WORK REQUEST:
Word for word, restate the lines of the listing below from the line with "Versace Virtus Leather" through the line with "I don't like", and do not include the pictures.

DATASET CONTENT:
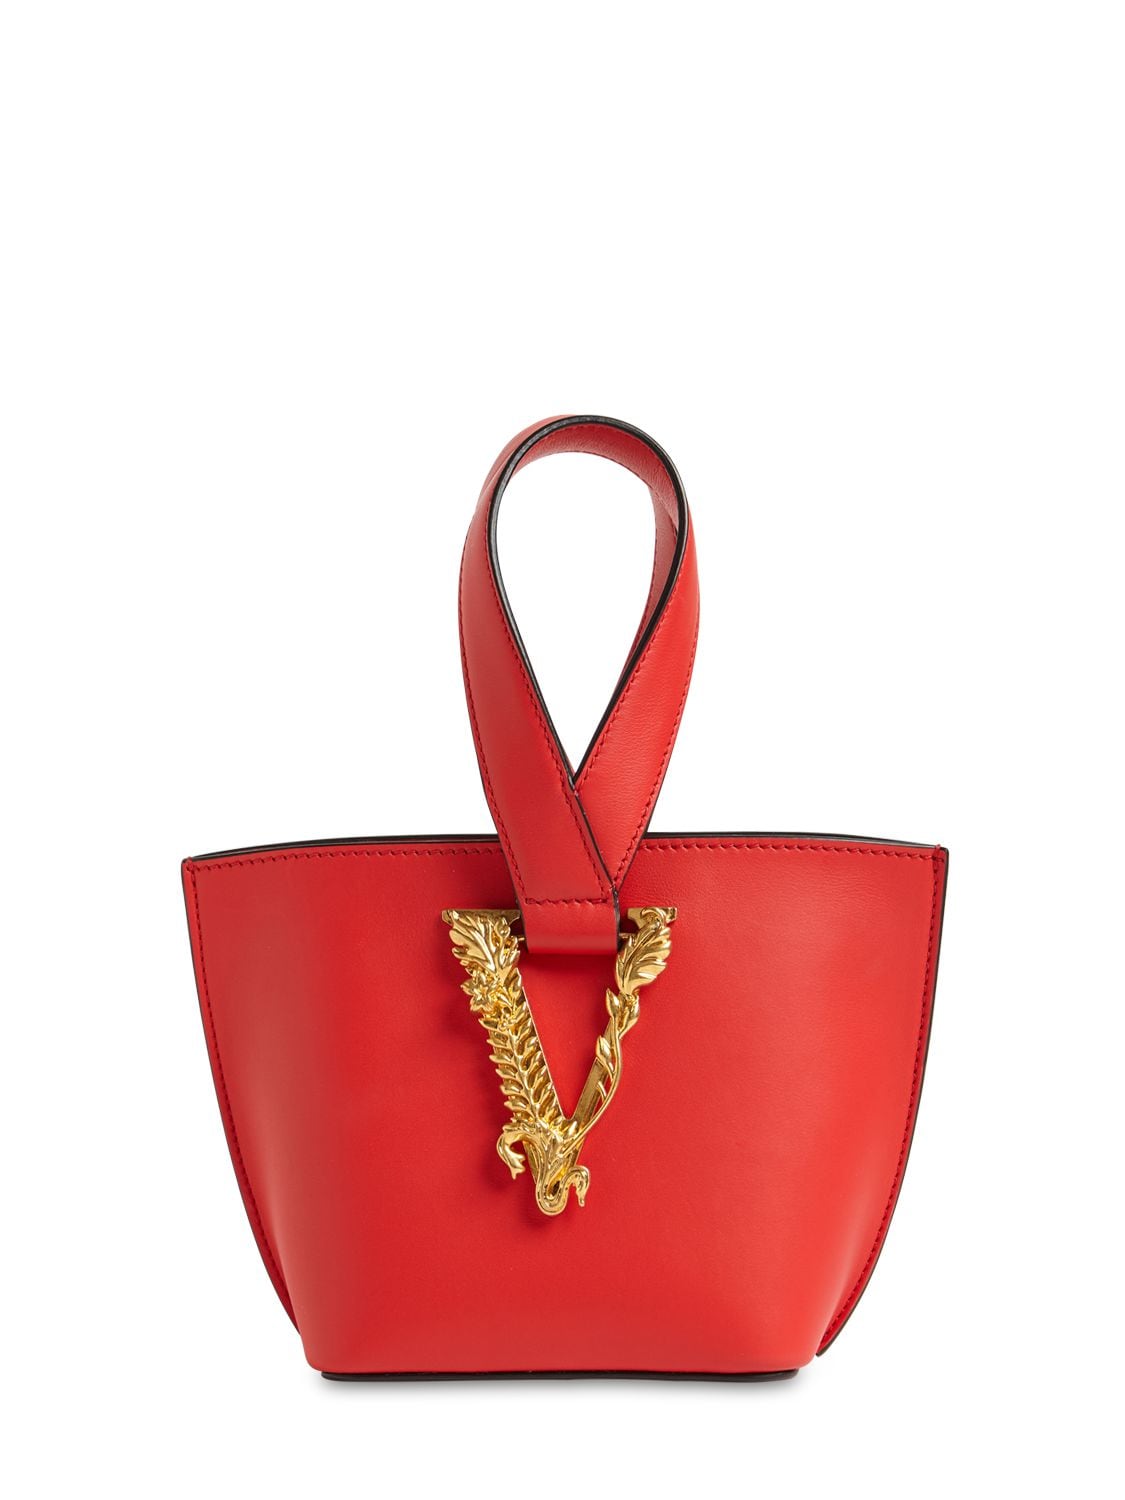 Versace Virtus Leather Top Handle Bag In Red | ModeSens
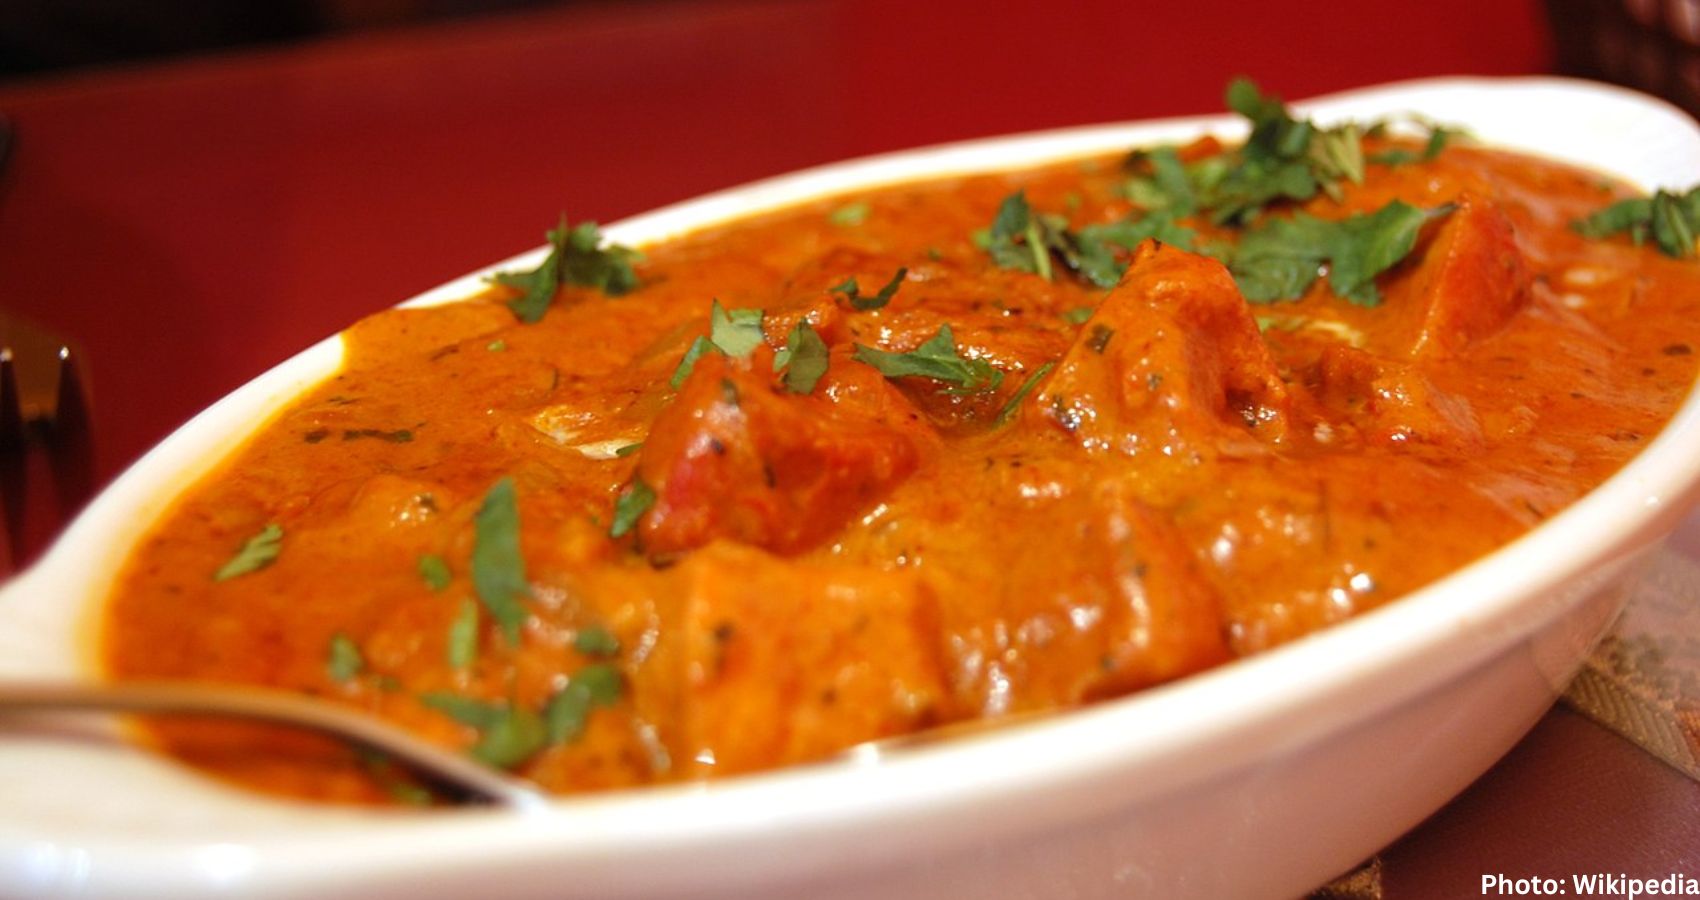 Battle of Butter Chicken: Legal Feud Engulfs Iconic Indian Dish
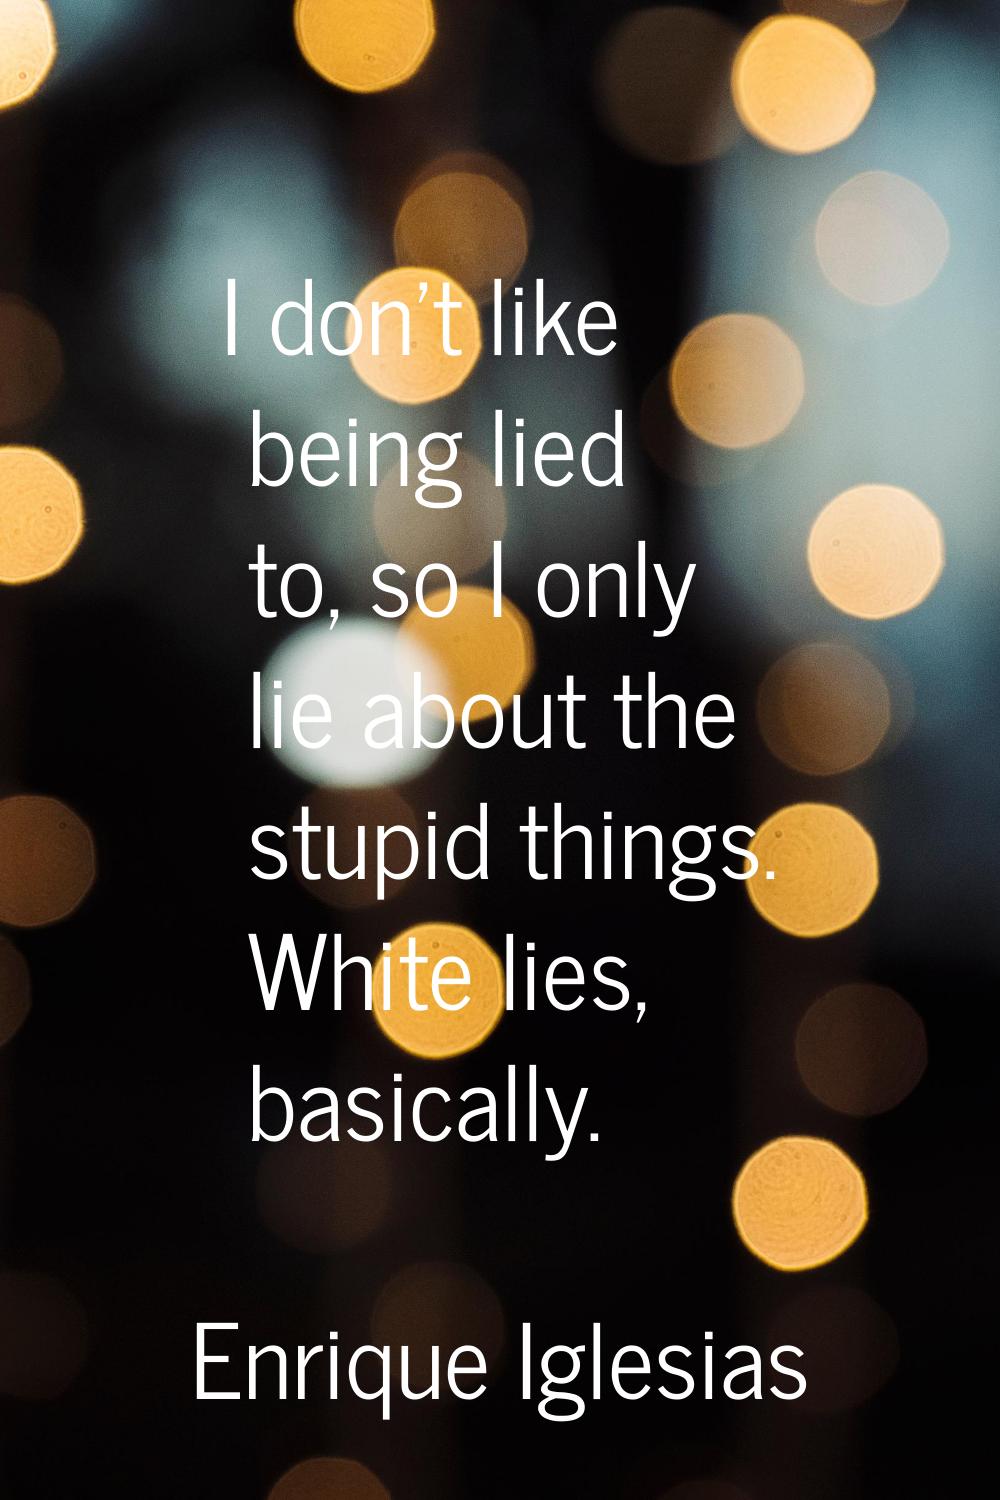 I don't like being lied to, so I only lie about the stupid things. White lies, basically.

---

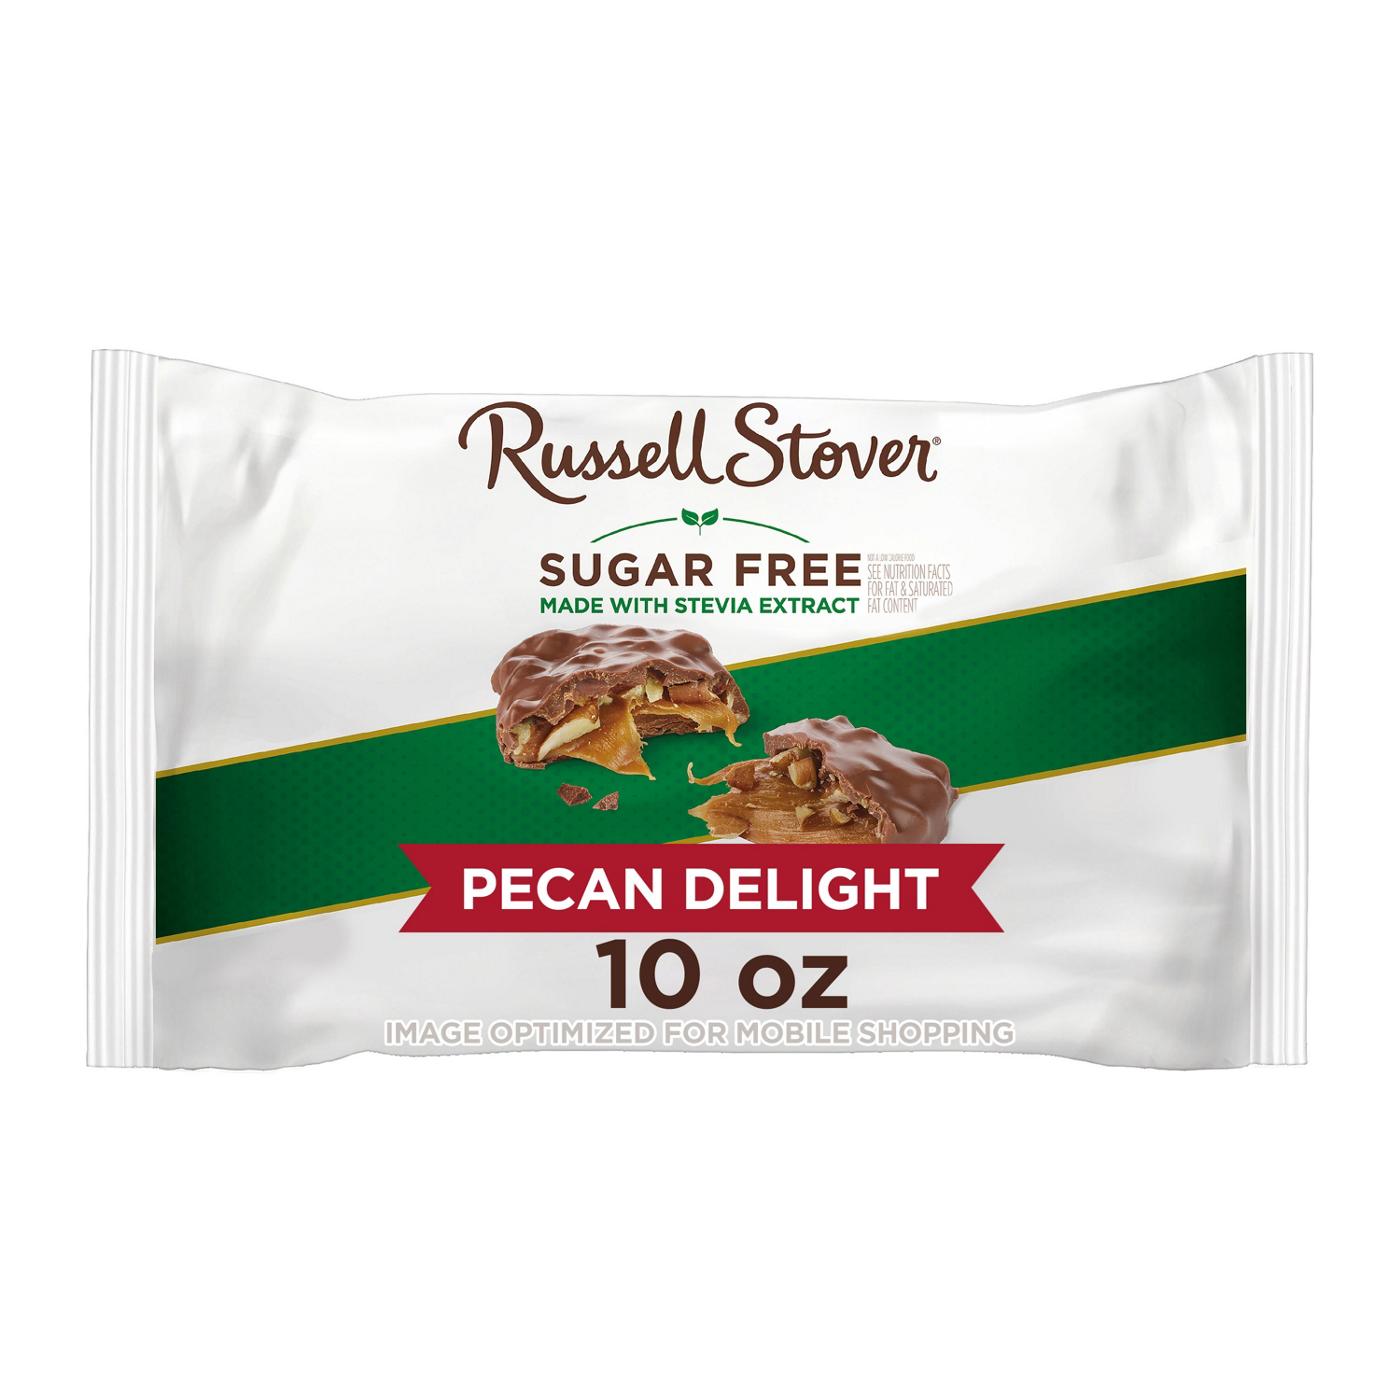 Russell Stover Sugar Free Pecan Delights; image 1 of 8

OUTPUT:
 Versace Virtus Leather Top Handle Bag In Red | ModeSens
 Battle of Butter Chicken: Legal Feud Engulfs Iconic Indian Dish
 I don't like being lied to, so I only lie about the stupid things. White lies, basically.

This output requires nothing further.